PROMPT: Type out the whole listing again exactly, pictures omitted.

SOURCE MATERIAL:
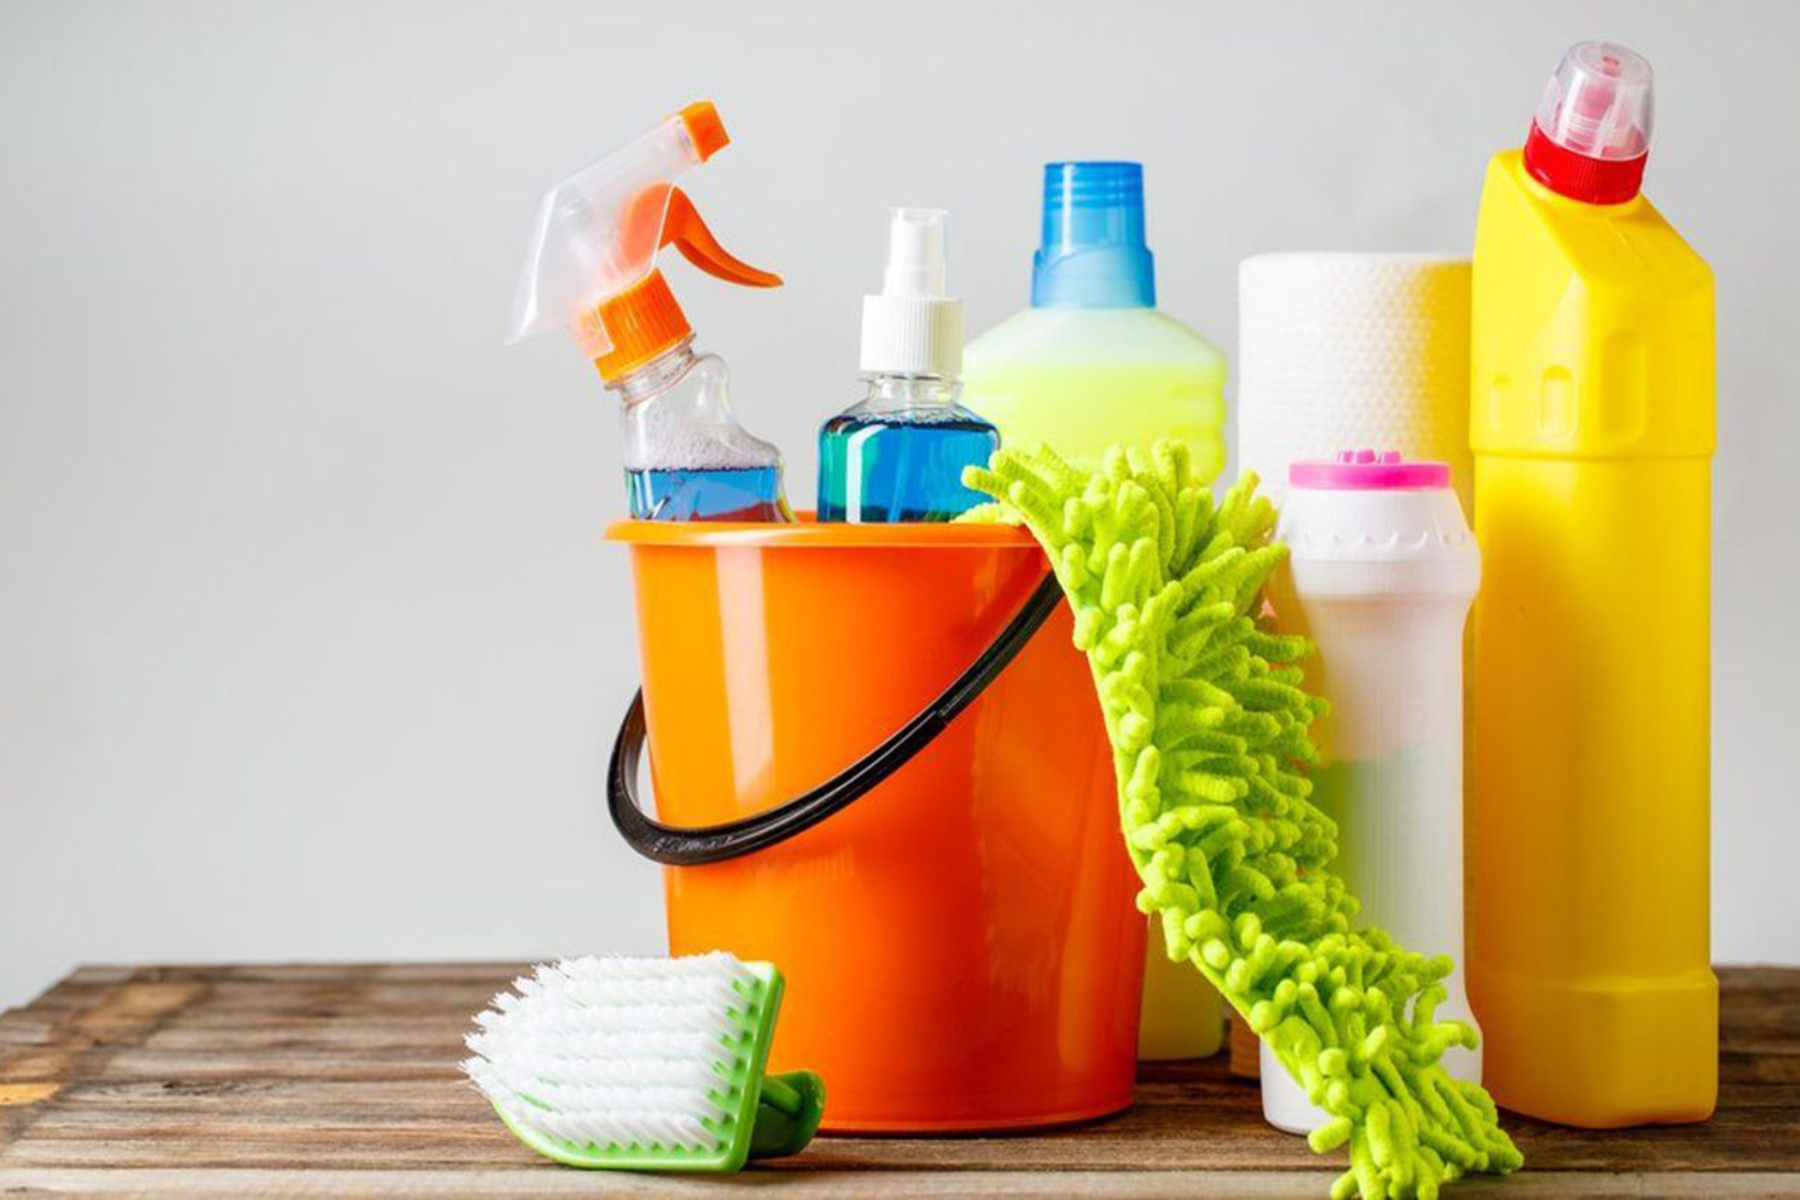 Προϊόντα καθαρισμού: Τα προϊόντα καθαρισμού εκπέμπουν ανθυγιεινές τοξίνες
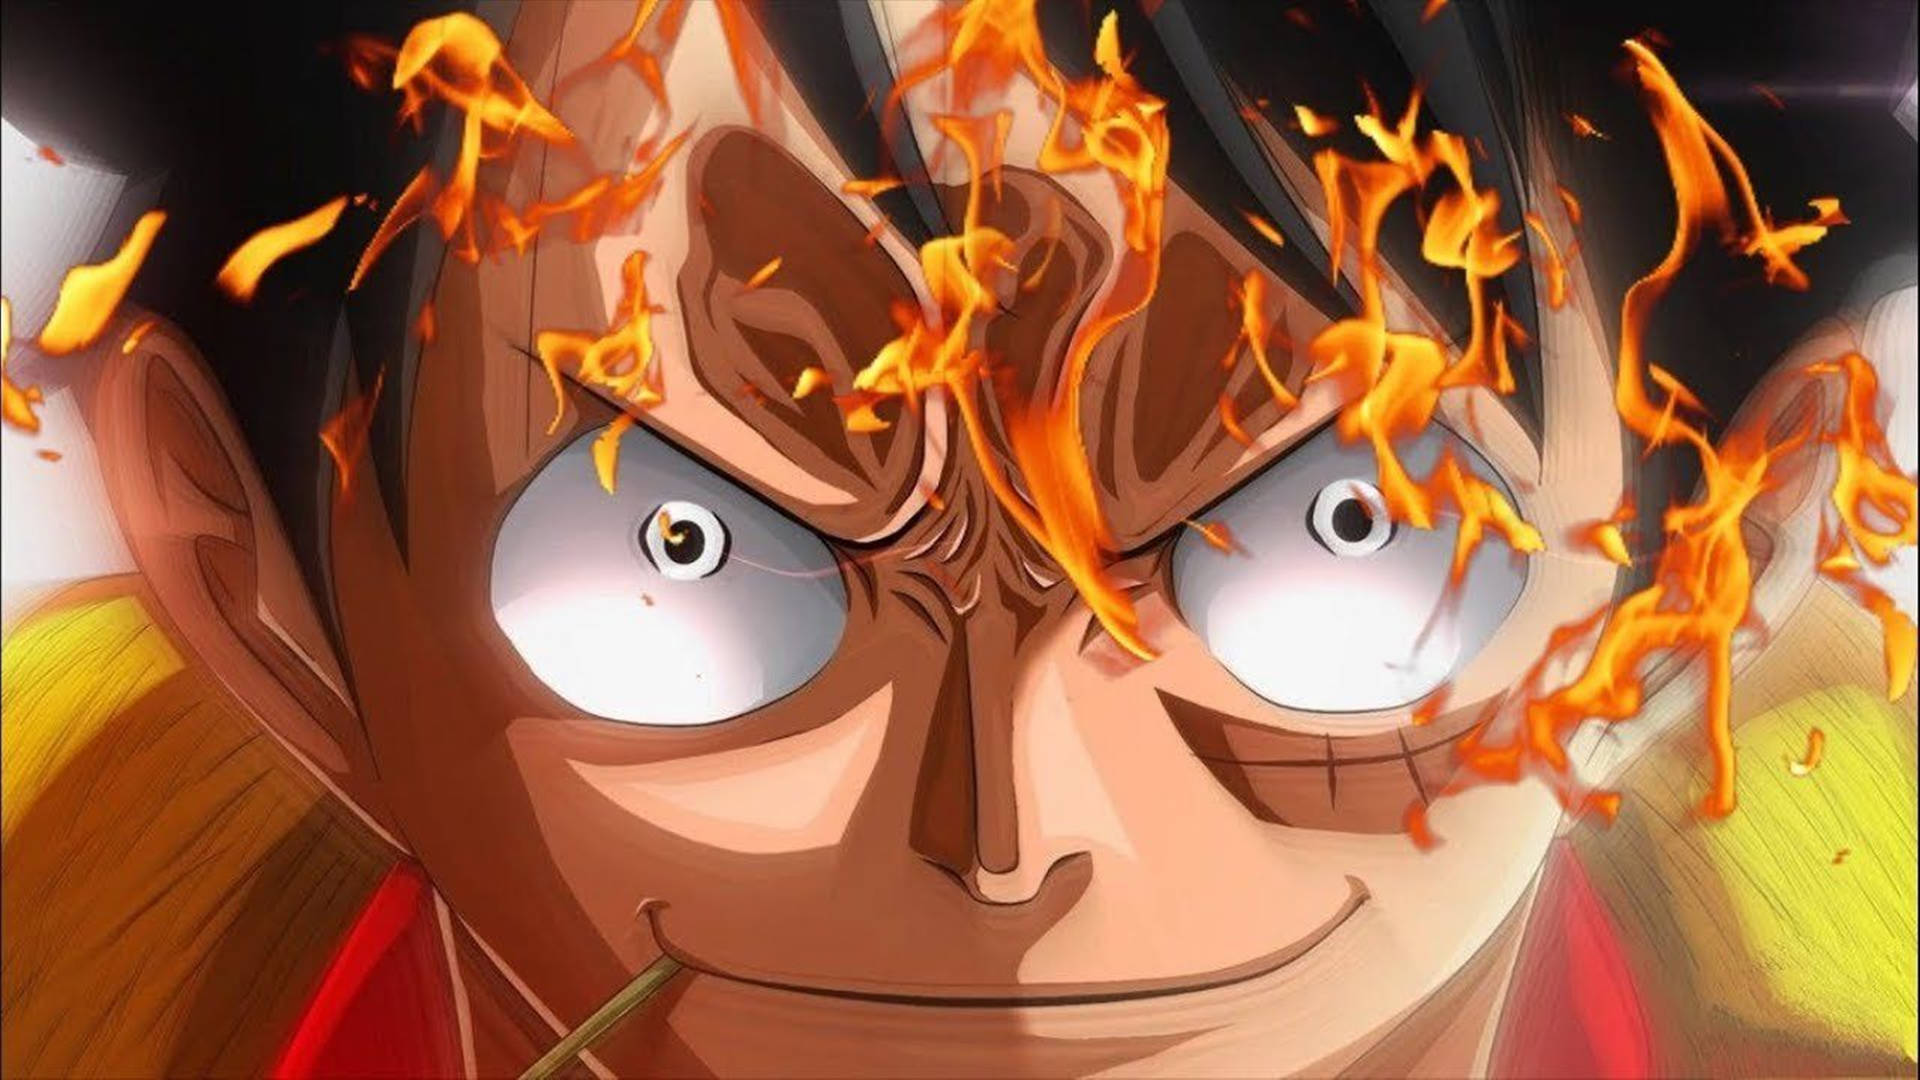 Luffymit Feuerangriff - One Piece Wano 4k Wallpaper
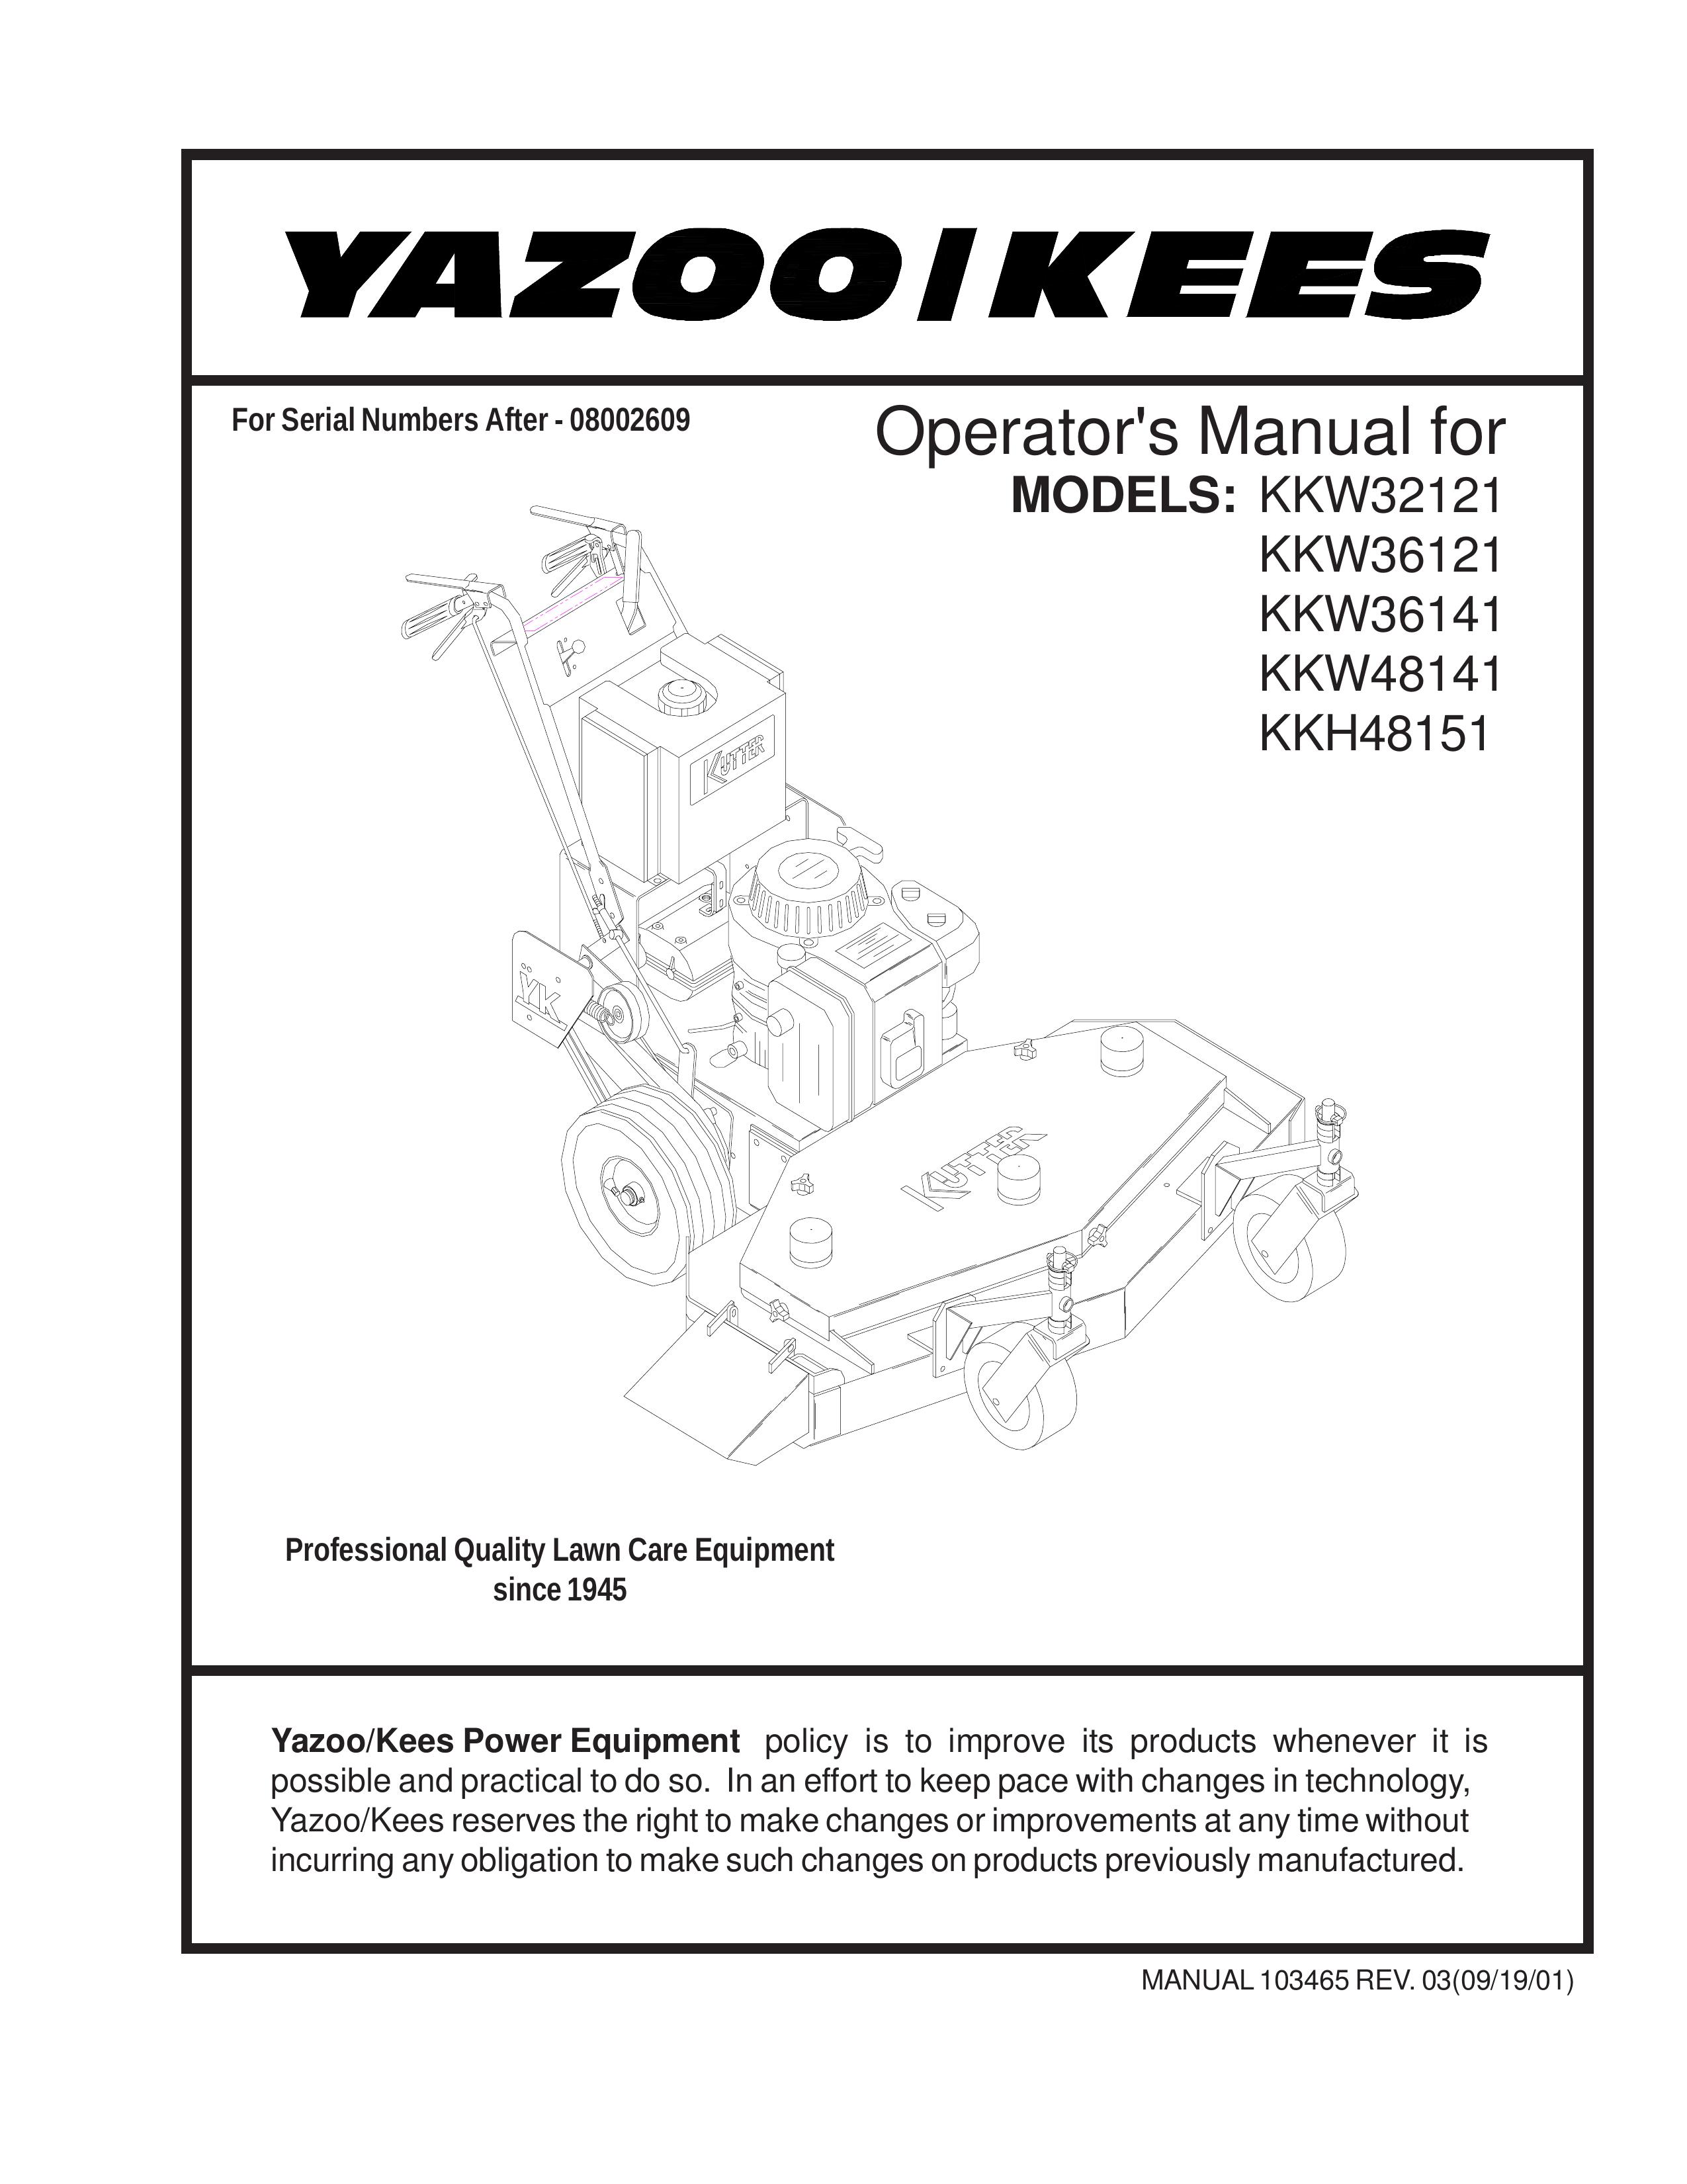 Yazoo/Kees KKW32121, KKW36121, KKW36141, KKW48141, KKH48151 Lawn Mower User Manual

TASK RESPONSE:
 Προϊόντα καθαρισμού: Τα προϊόντα καθαρισμού εκπέμπουν ανθυγιεινές τοξίνες
 Luffymit Feuerangriff - One Piece Wano 4k Wallpaper
 Yazoo/Kees KKW32121, KKW36121, KKW36141, KKW48141, KKH48151 Lawn Mower User Manual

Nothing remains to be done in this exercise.